Fear of failure: Umpires’ biggest challenge
Wednesday, January 1 2014
THE GREATEST pressure facing cricket umpires at all levels is the fear of failure.
And how they maintain their focus and control of a match will determine their success as they also grapple with the challenges of technology and increased scrutiny by the media and the public.
This was the advice given by well-known FIFA football referee Ramesh Ramdhan to a wide cross-section of local umpires at a two-day symposium which ended on Sunday and was organised by the TT Umpires and Scorers Association at the National Cricket Centre at Balmain, Couva.
Ramdhan was giving a presentation “Coping With Pressure” to the large gathering which included former and current umpires including Peter Nero, Joel Wilson, Clyde Cumberbatch, Clarence Shafarali , new umpires association president Parasram Singh, and up and coming Zahid Bassarath and Danesh Ramdhanie.
Ramdhanie said umpires must exude confidence and armed with a knowledge of the game should develop a mental toughness so they will never feel threatened by players or have a fear of criticism.
“Pressure is all in your mind. It is not caused by external elements. It’s you working against you. Your objective at all times is to maintain focus wherever you may be officiating. Managing your thoughts and emotions effectively will determine how you perform,” said Ramdhan.
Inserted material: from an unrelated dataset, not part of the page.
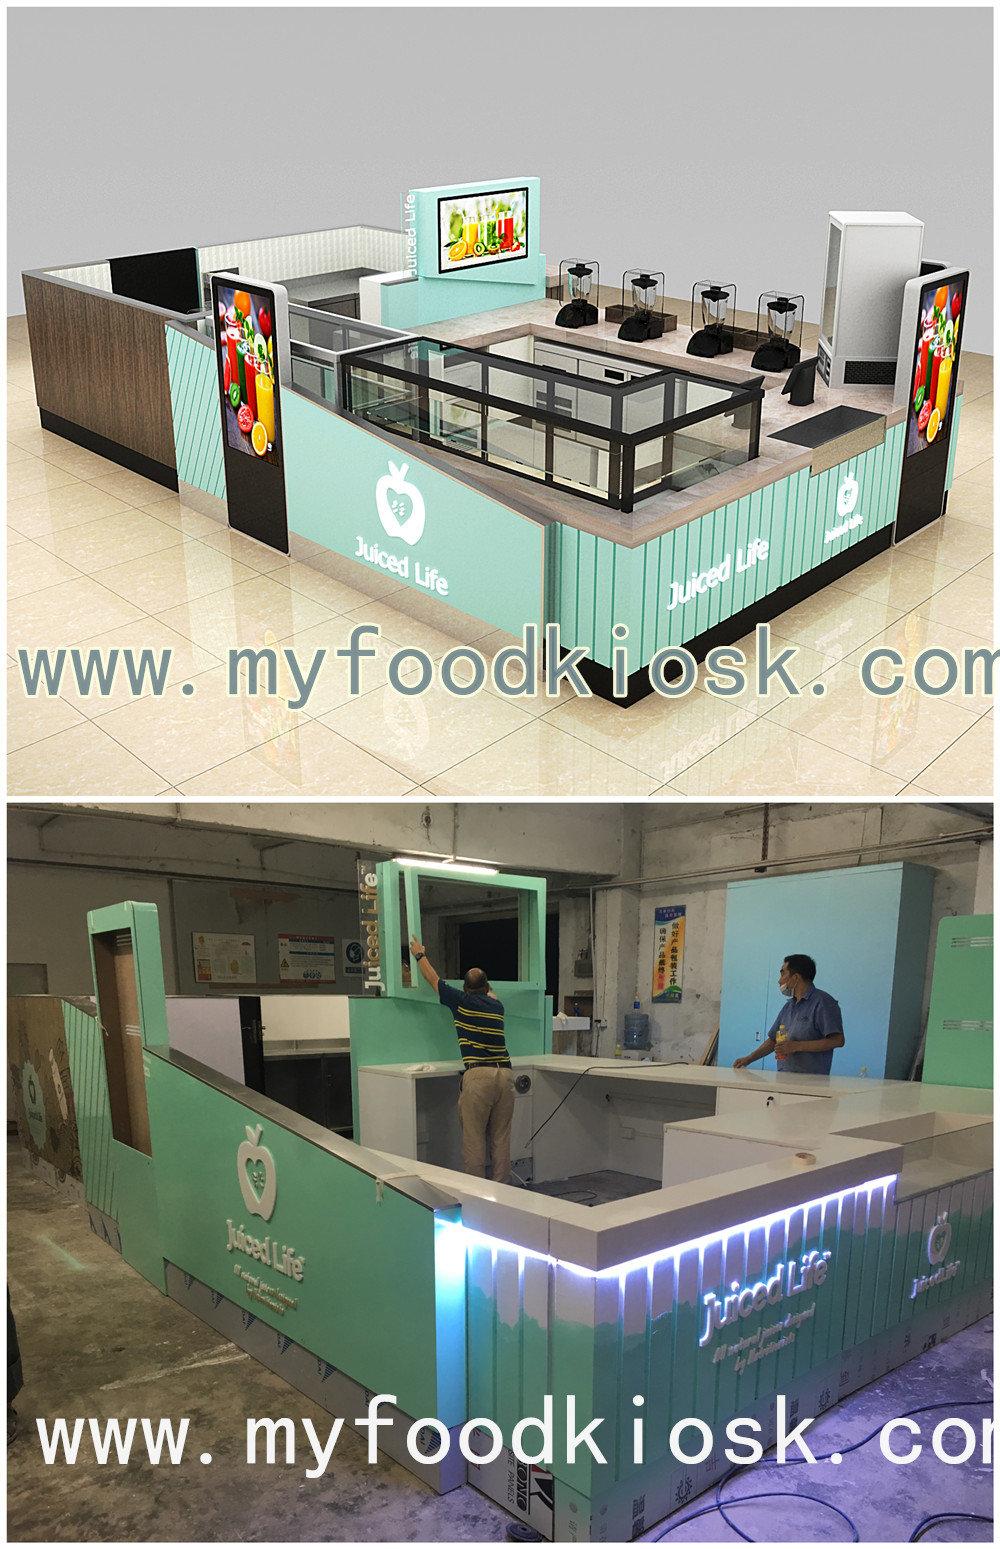 juice-bar-counter-kiosk-10

He advised the umpires that they must live in the moment and not think about the last ball bowled or the last decision made, rightly or wrongly. He cautioned that deep thought must go into their decision making since reputations and careers depended on it.
Ramdhan said in his training as a world recognised football referee, officials studied worst case scenarios and he urged the umpires to embrace the challenges including the eye of the commentators and the public watching all over the world. He said the ability to officiate well is a combination of a thorough knowledge and understanding of the laws of the game; physical fitness which improves the mental condition of the umpire; and proper preparation for the upcoming match.
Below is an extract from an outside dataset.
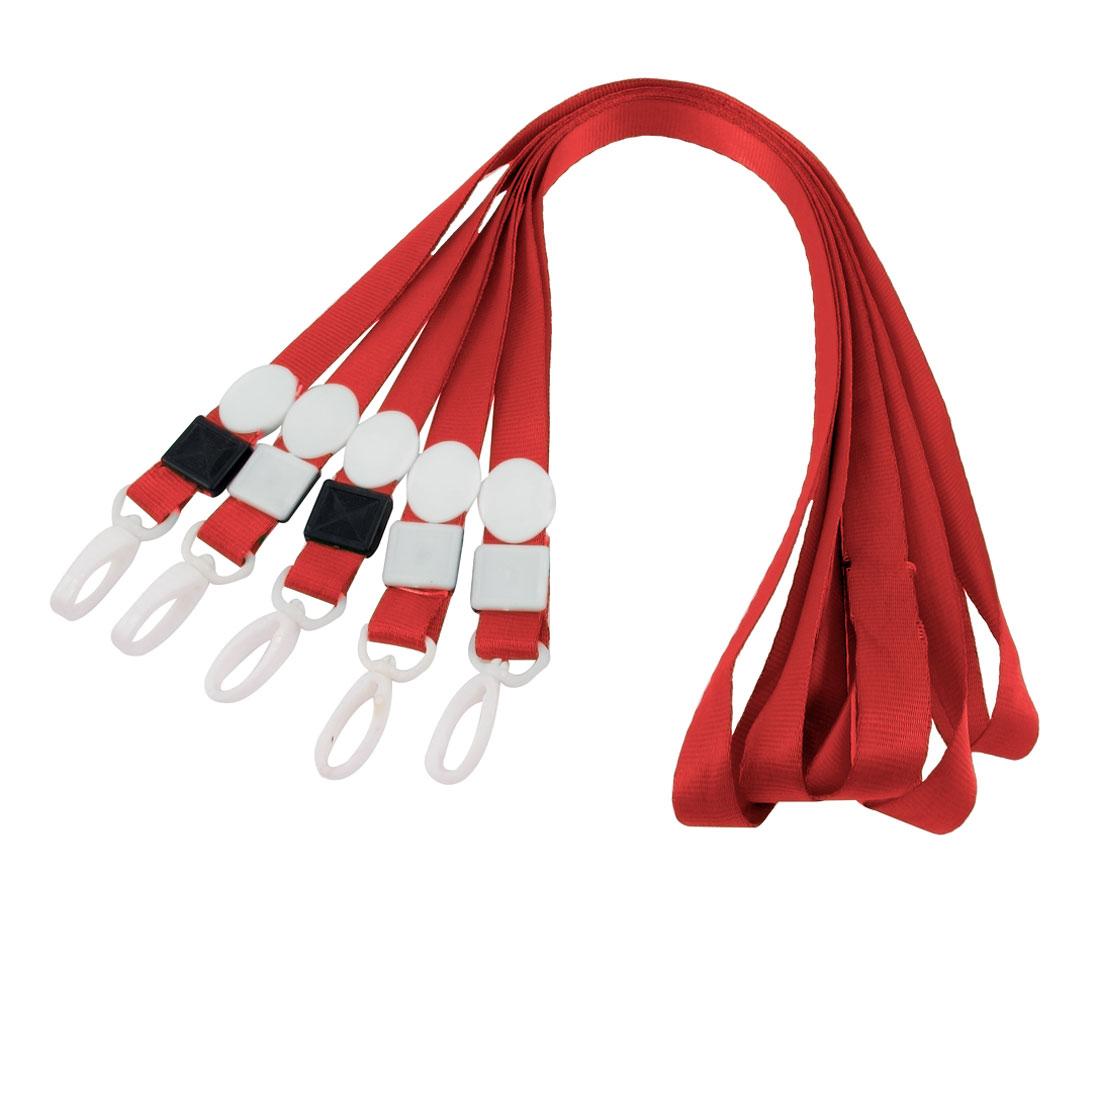 5pcs Swivel Clip ID Card Keys Badge Holder Lanyard Neck Strap Red 42cm Long

“You must draw from your experience and the experience of others, look at matches and create a mental databank,” said Ramdhan. He urged them to be “firm, fair and fearless” in the execution of their duties and to always maintain the integrity of the game.
“Cricket is not about you or the players. It is about the game. And whatever is needed to help you must be employed including some rituals which affect the psyche and are very important just like what some may consider lucky socks or shorts, or the reading of a particular Psalm before the fixture.”
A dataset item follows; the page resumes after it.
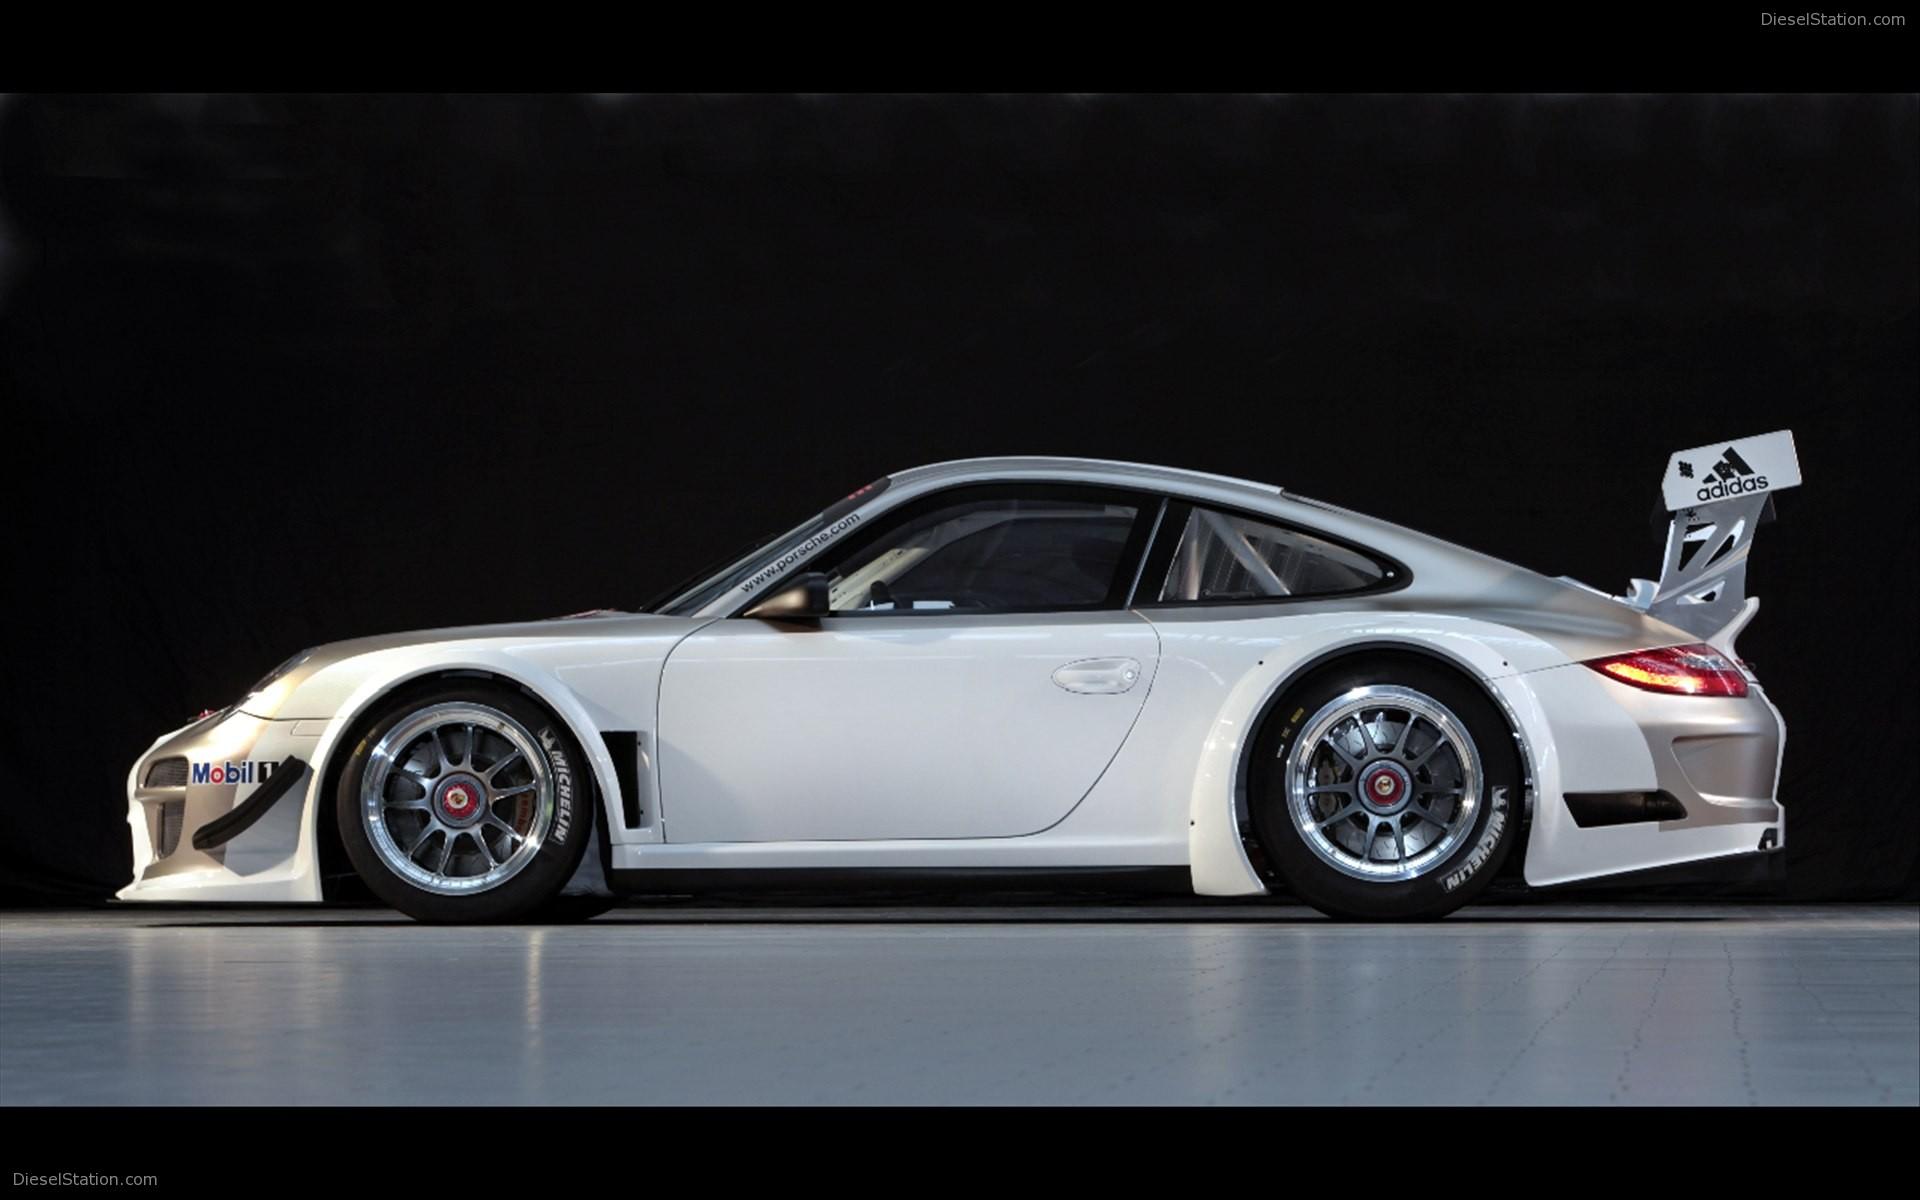 Home Porsche Porsche 911 GT3 R 2012 1920x1200

He recalled the wellknown routine of world famous Italian football referee Pierliugi Collina, who reposed himself for a full ten minutes before coming out unto the pitch with his eyes burning so fiercely some say it could penetrate walls.
“Umpires are the caretakers of cricket. You must learn to enjoy every moment, relax and have fun but never put yourself in a compromising situation since it could mean problems later on.